[[ Supplied material, beginning ]]

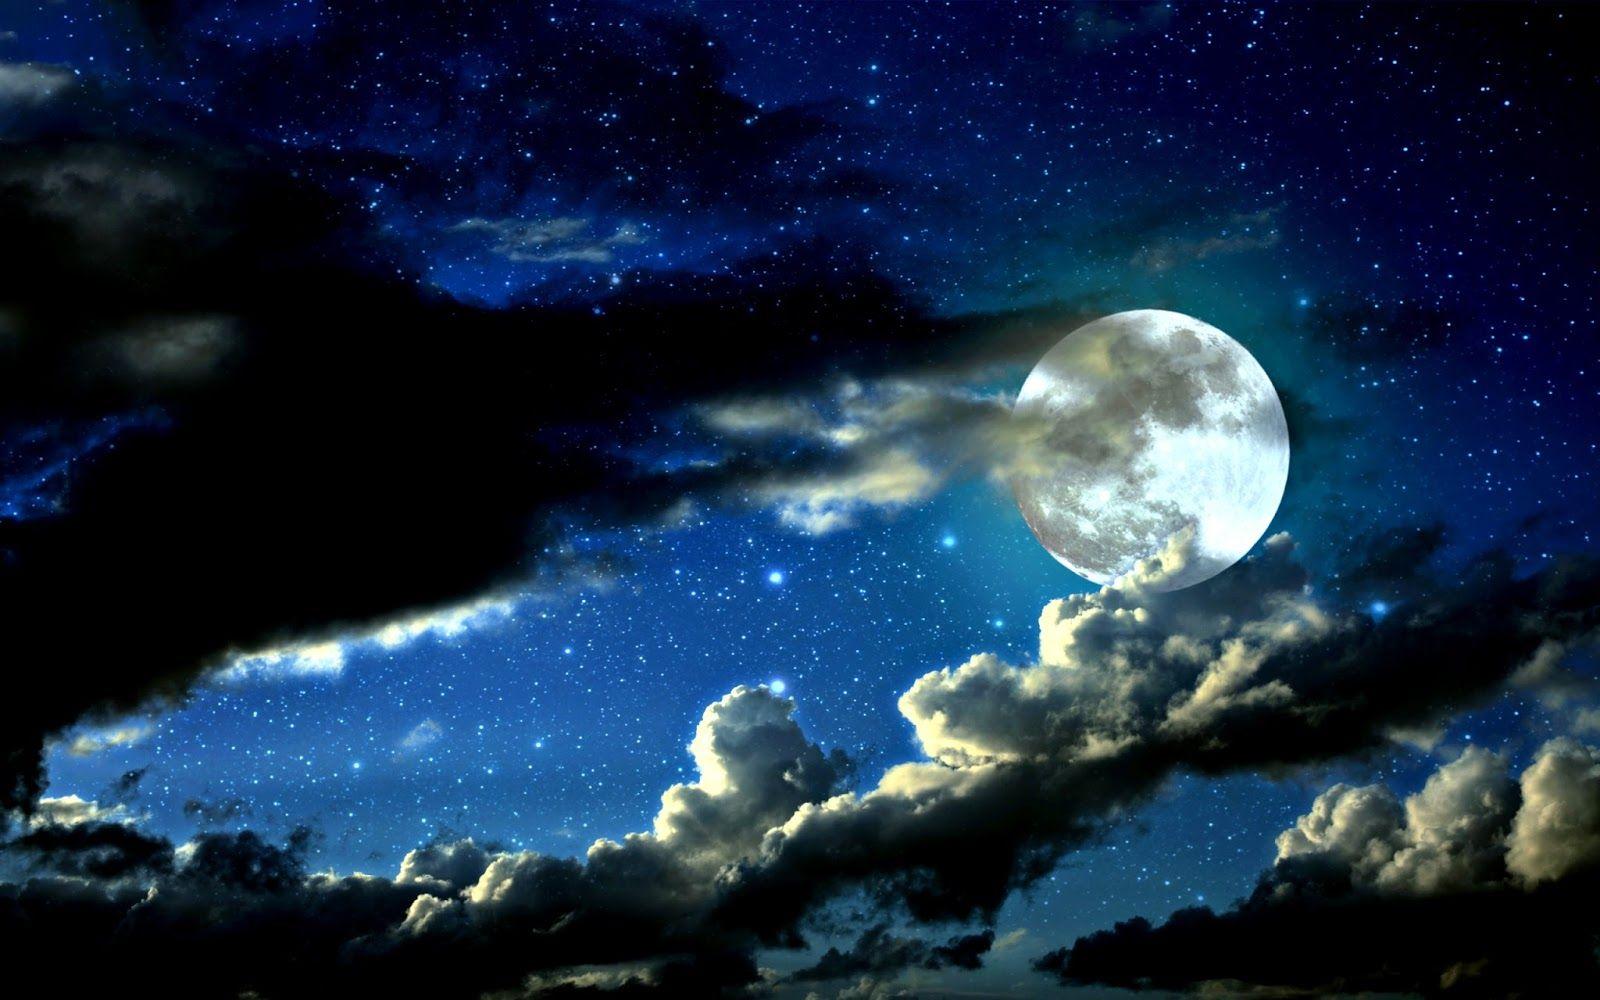 Full moon... #moon #fullmoon #luna #sky #flymetothemoon .. See more... https://www.facebook.com/chris.wysocki1/media_set?set=a.702782546417147.100000562257390&type=3
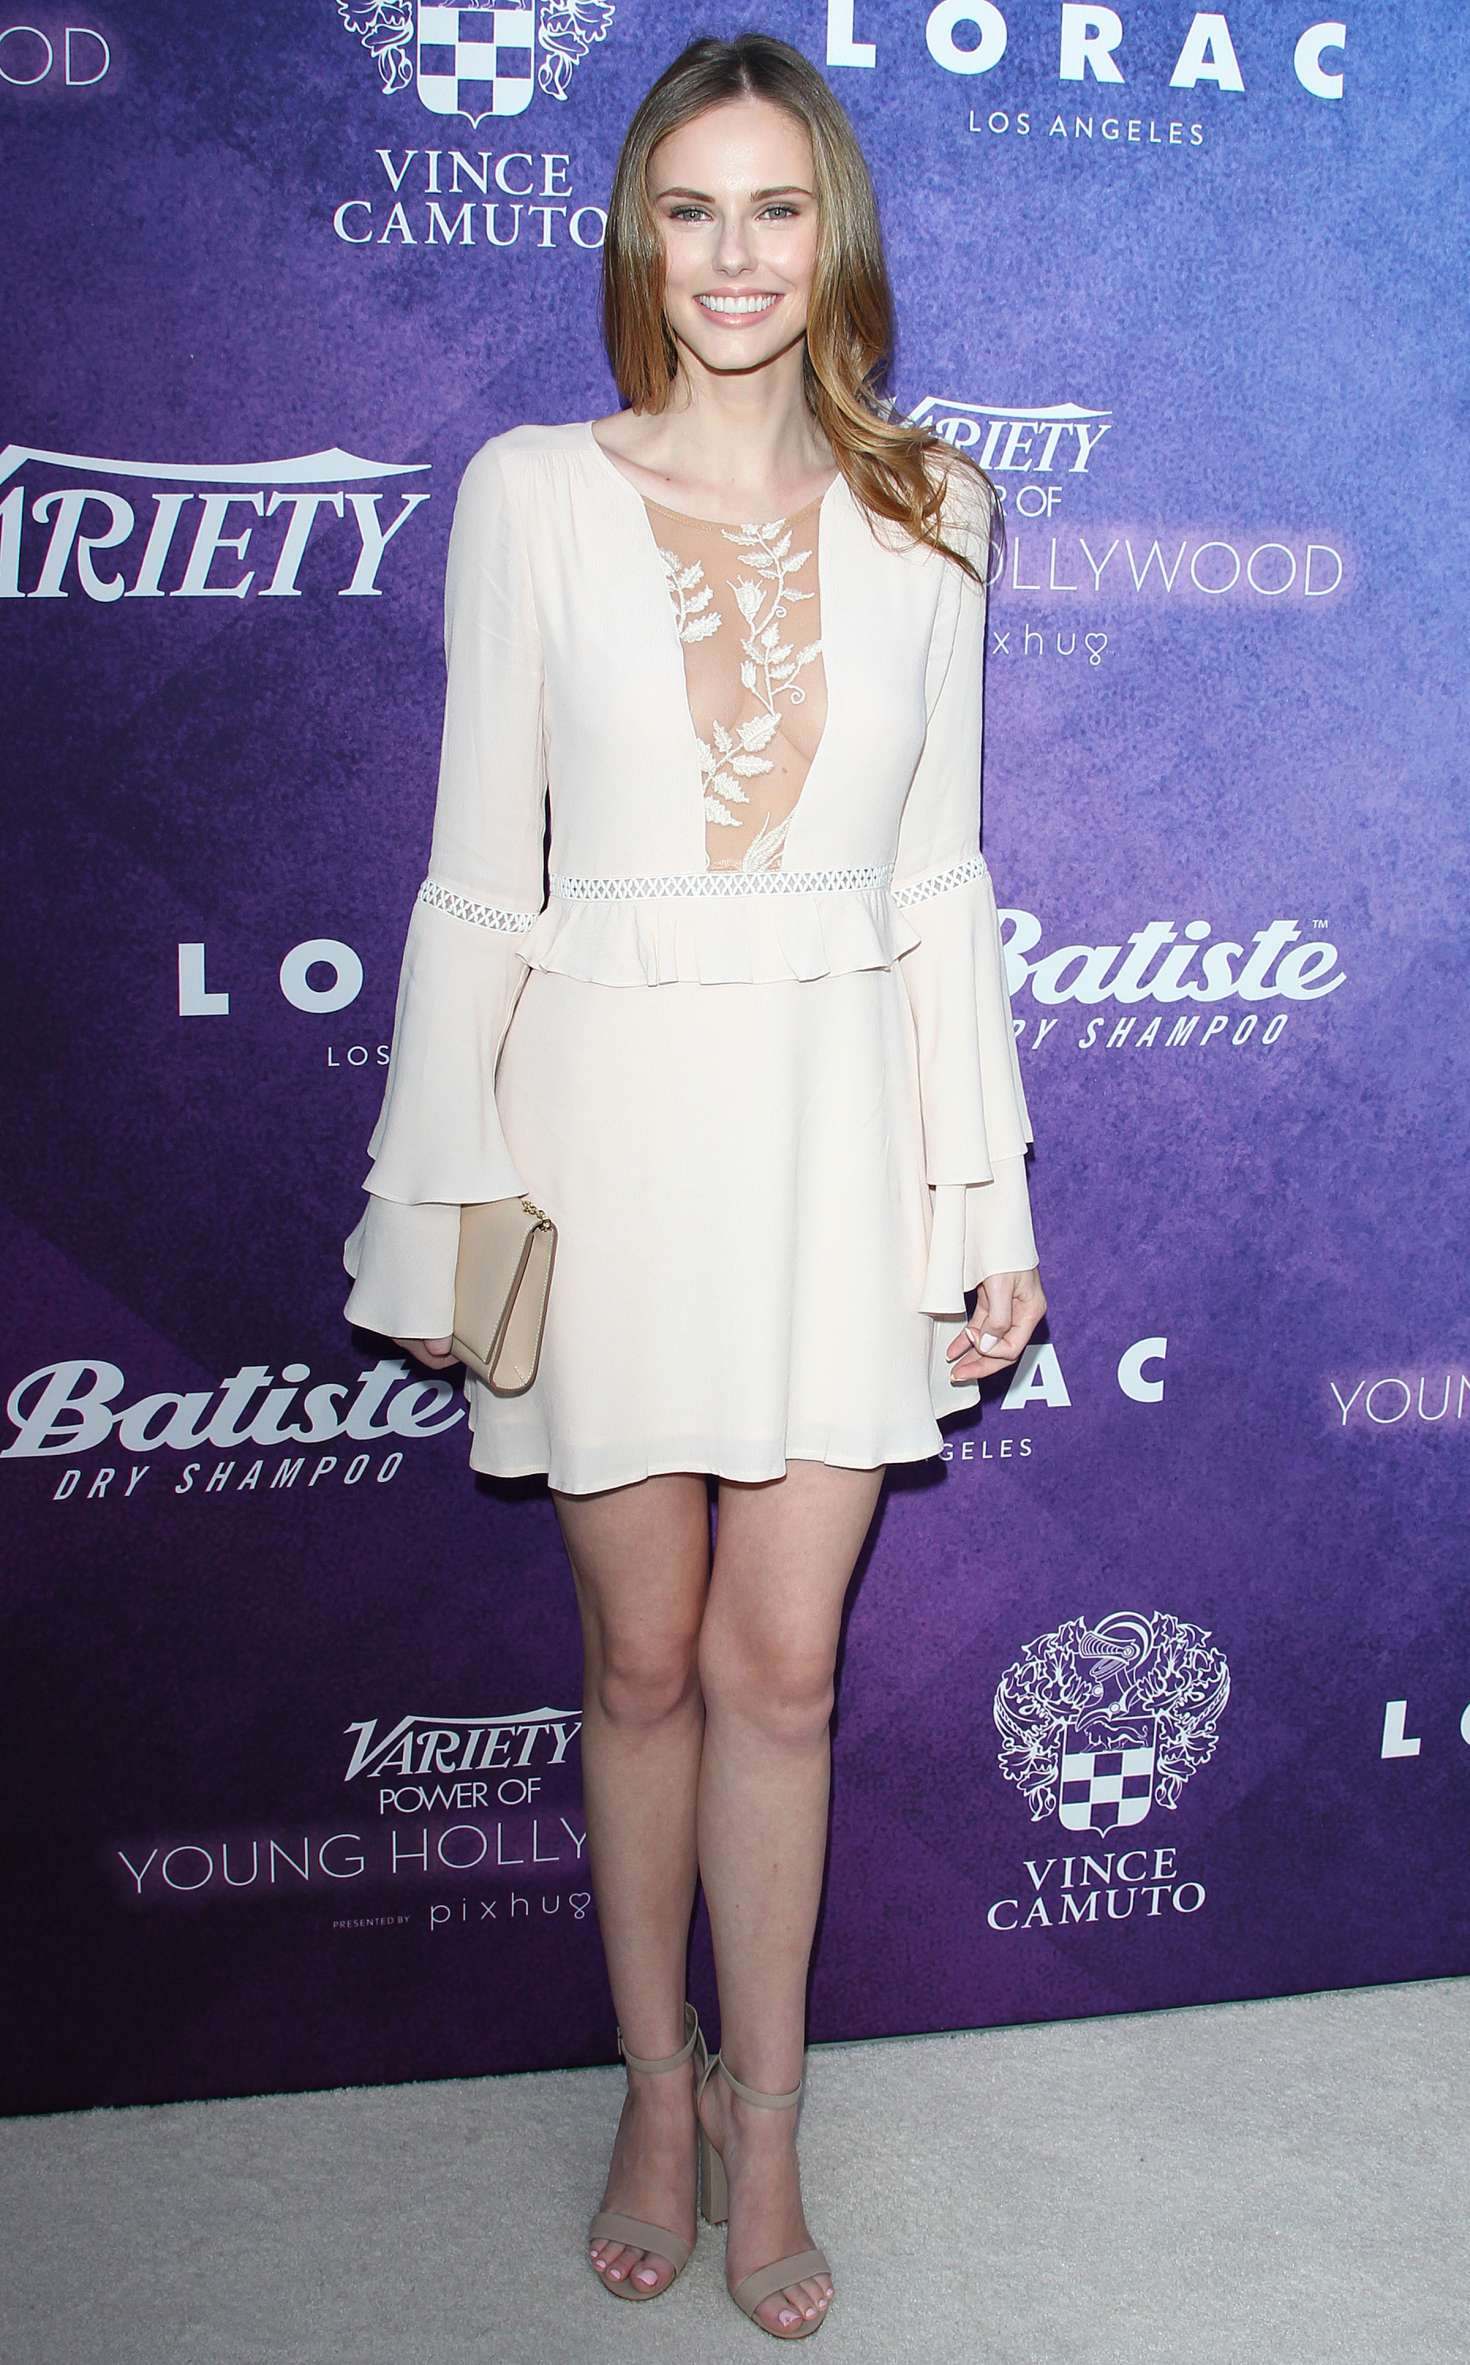 Alyssa Campanella - 2016 Variety - Power of Young Hollywood in Los Angeles
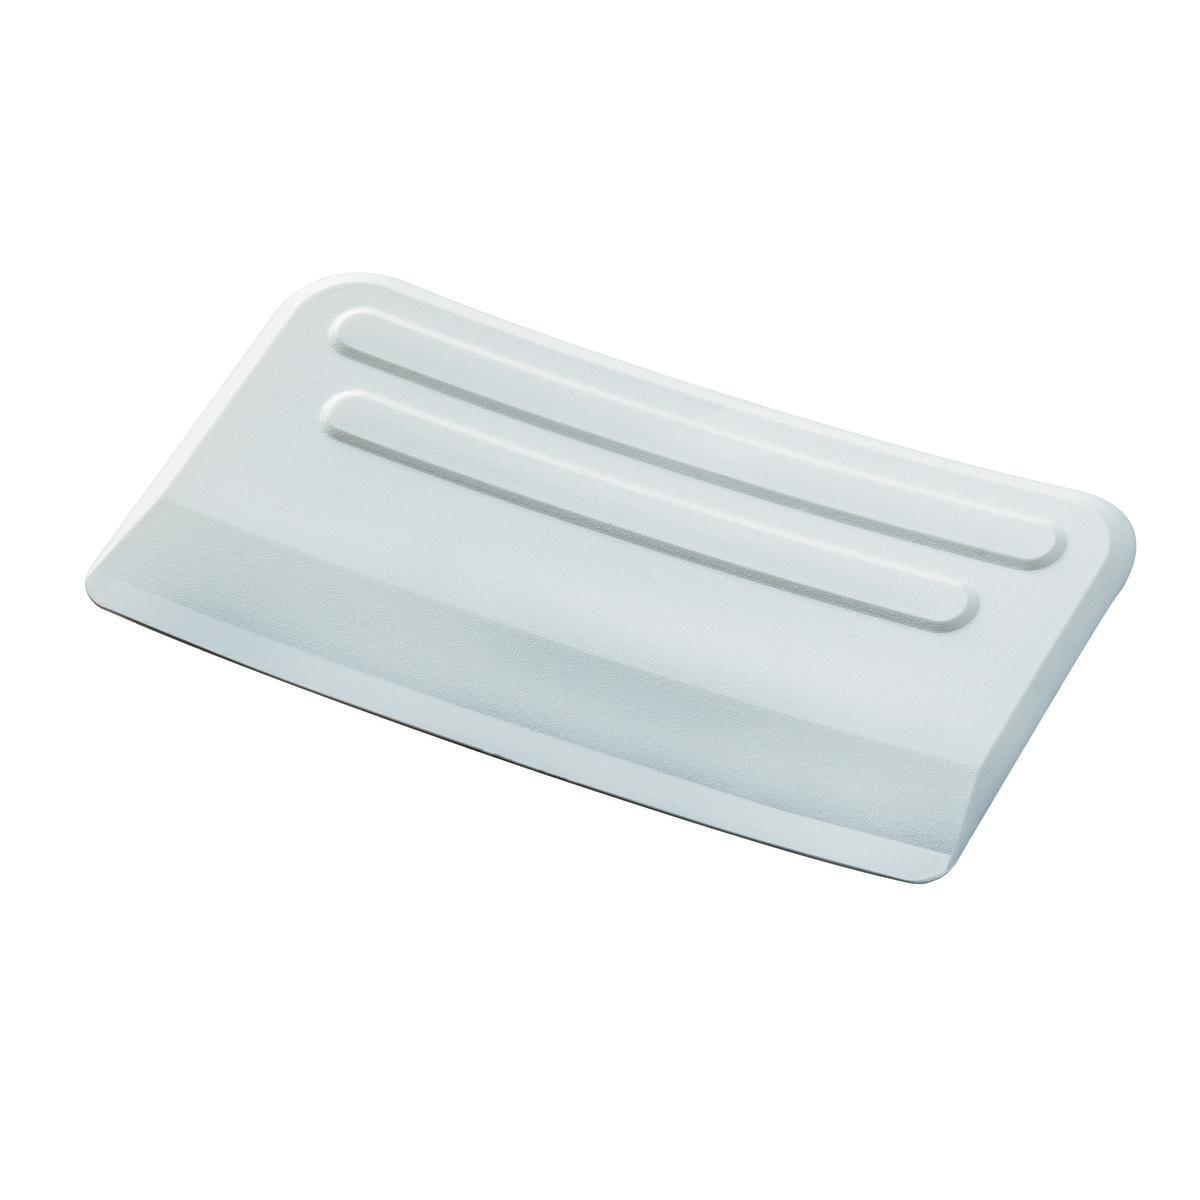 Vaschetta per lavello bianco L 32.5 x P 9 x H 17.5 cm - 1

[[ Supplied material, end ]]

* [What to do]
The answer should hold every line of the listing, copied exactly, with no pictures.

* [Task result]
 Full moon... #moon #fullmoon #luna #sky #flymetothemoon .. See more... https://www.facebook.com/chris.wysocki1/media_set?set=a.702782546417147.100000562257390&type=3
 Alyssa Campanella - 2016 Variety - Power of Young Hollywood in Los Angeles
 Vaschetta per lavello bianco L 32.5 x P 9 x H 17.5 cm - 1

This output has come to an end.